Slot’s brief tenure underlines the volatility of the modern dugout. Barnes is already looking ahead to the next storm.

“Now if Iraola loses two or three matches in the first month, are we then going to sack him?” he asked, before turning his gaze to Manchester United’s post-Ferguson carousel.

“When Man United got David Moyes, who's a good manager, went to Man United, because he didn't do what Fergie did, they got rid of him. Then Louis van Gaal, ‘Fergie would have done it this way’, they got rid of him. Jose Mourinho, ‘Fergie would have done it this way’.”

The warning for Liverpool is obvious.

“If you're going to hold on to Jurgen Klopp’s legacy, we're not going to get a manager who is going to come to Liverpool and be successful. Forget about that,” Barnes said. “Whichever manager comes in, we back him in whichever way he wants to play - slow, fast, quick, heavy metal, chaos, whatever. He makes the decisions, not the legacy of the past.”

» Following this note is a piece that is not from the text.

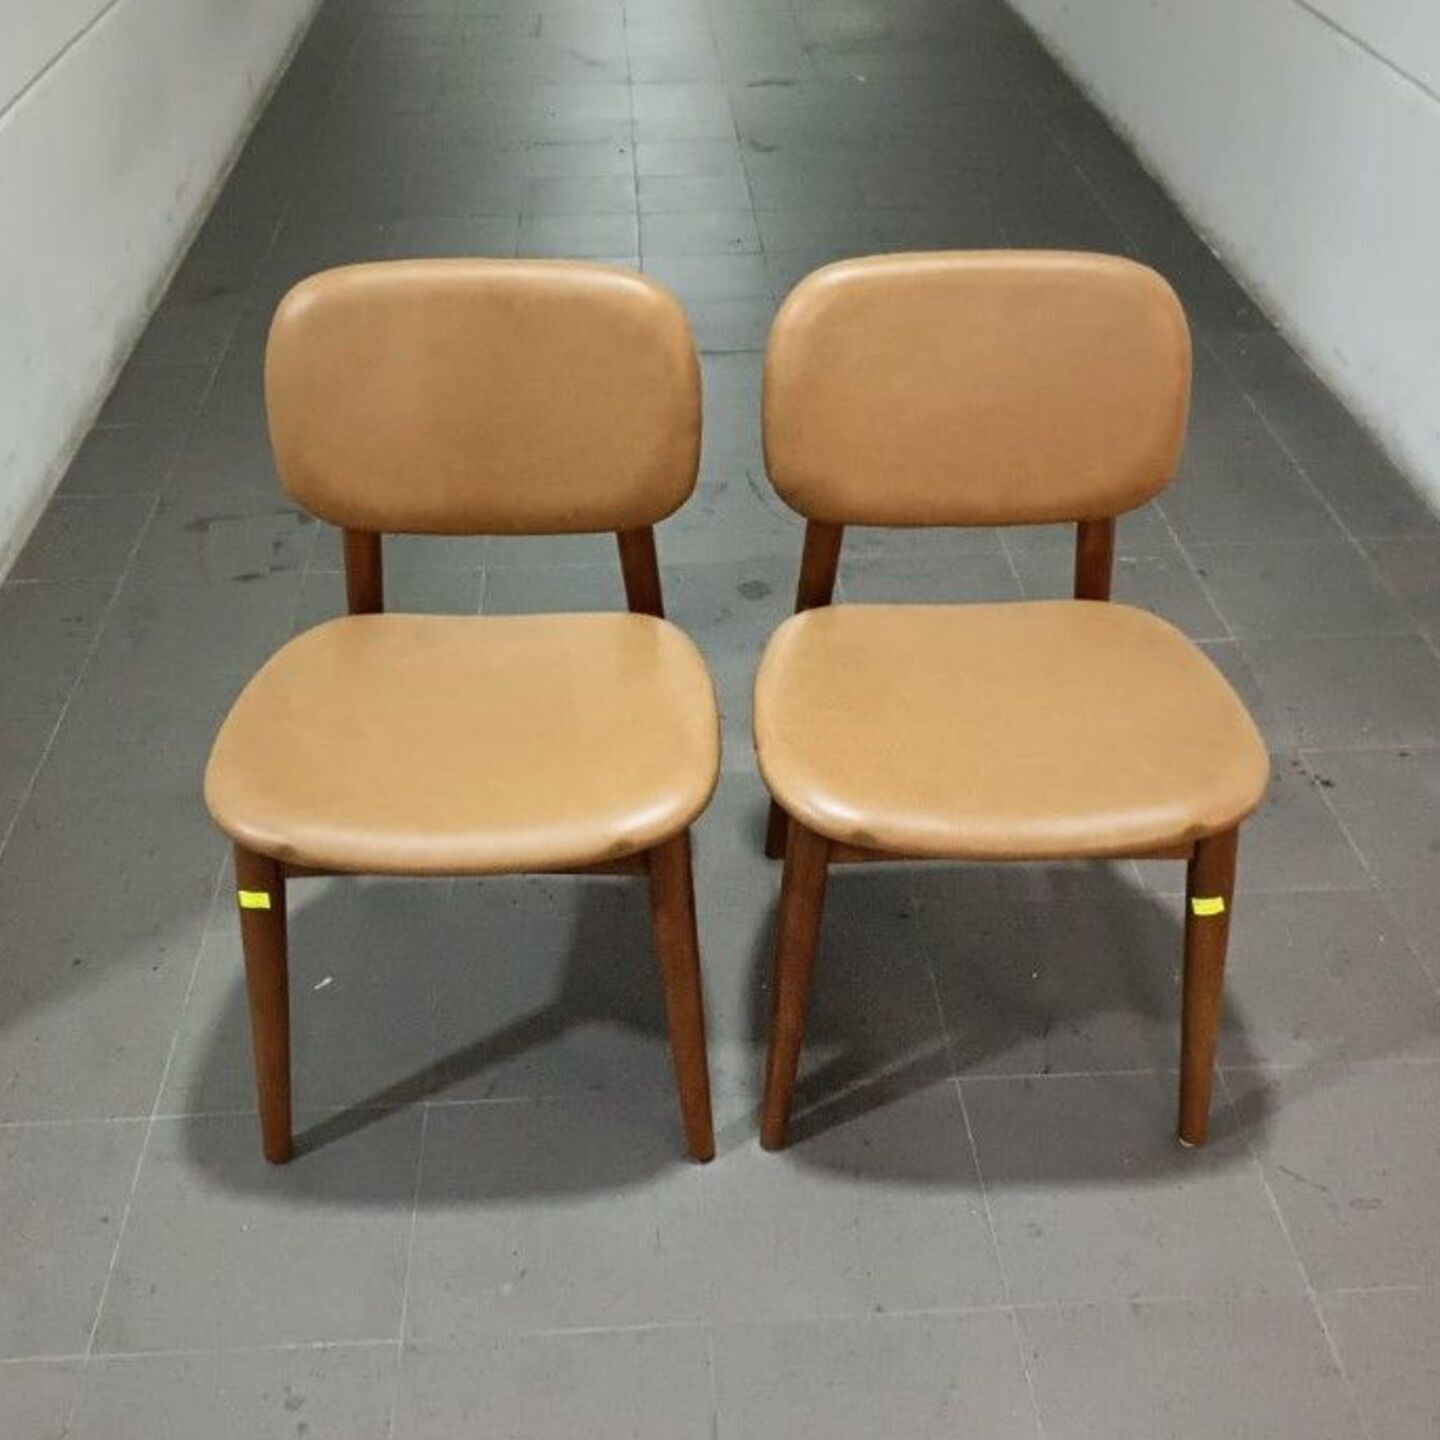 CHUNGHA Top Grain Leather Dining Chairs Walnut - set of 2

Departures, dilemmas and the transfer trap

The backdrop to all of this is a squad in transition. Mohamed Salah has gone. So have Ibrahima Konate and Andy Robertson, all leaving as free agents. These are not peripheral figures; they are pillars of an era.

Logic says reinforcements must follow. Barnes is not so sure that simply throwing money at the problem will fix anything.

“When Arne Slot came, we signed [Federico] Chiesa and [Wataru] Endo, who didn't play and we won the league. So is the solution to sign players?” he asked.

Liverpool have already learned the hard way that big fees do not guarantee harmony.

“We signed four players, £400 million, but that didn't work. Is the solution to the problem signing players? We have enough players. We have good enough players. Now, if we need a centre-back, we get a centre-back.”

Barnes’ concern is that every new signing blocks a pathway. Every shiny arrival has a cost that is not just financial.

“I don't see the solution to this problem being signing players. If we sign a player and we talk about [Yan] Diomande coming, what's going to happen to [Rio] Ngumoha? We're going to set him back.”

He is not preaching austerity, just restraint and trust.

“So for me, we've got enough players now. If we can get better players and the manager wants more, fine. But for me, I think the players we have are good enough. We have to trust them. We have to trust the manager and get on with it.”

Nunez and the next chapter

And so Nunez waits. Frozen out in Saudi Arabia, visible on the world stage at the 2026 World Cup, and hovering on the fringes of Liverpool’s transfer conversation.

His fate will not be decided by nostalgia for Klopp, or by the memory of those wild, erratic nights when Anfield roared his name after a missed sitter and a thunderous goal in the same half. It will be decided by a new manager, a new idea of what Liverpool should be, and a club trying to step out of its own past.

Whether that future includes Darwin Nunez is no longer about what he once promised, but whether his chaos still fits the plan.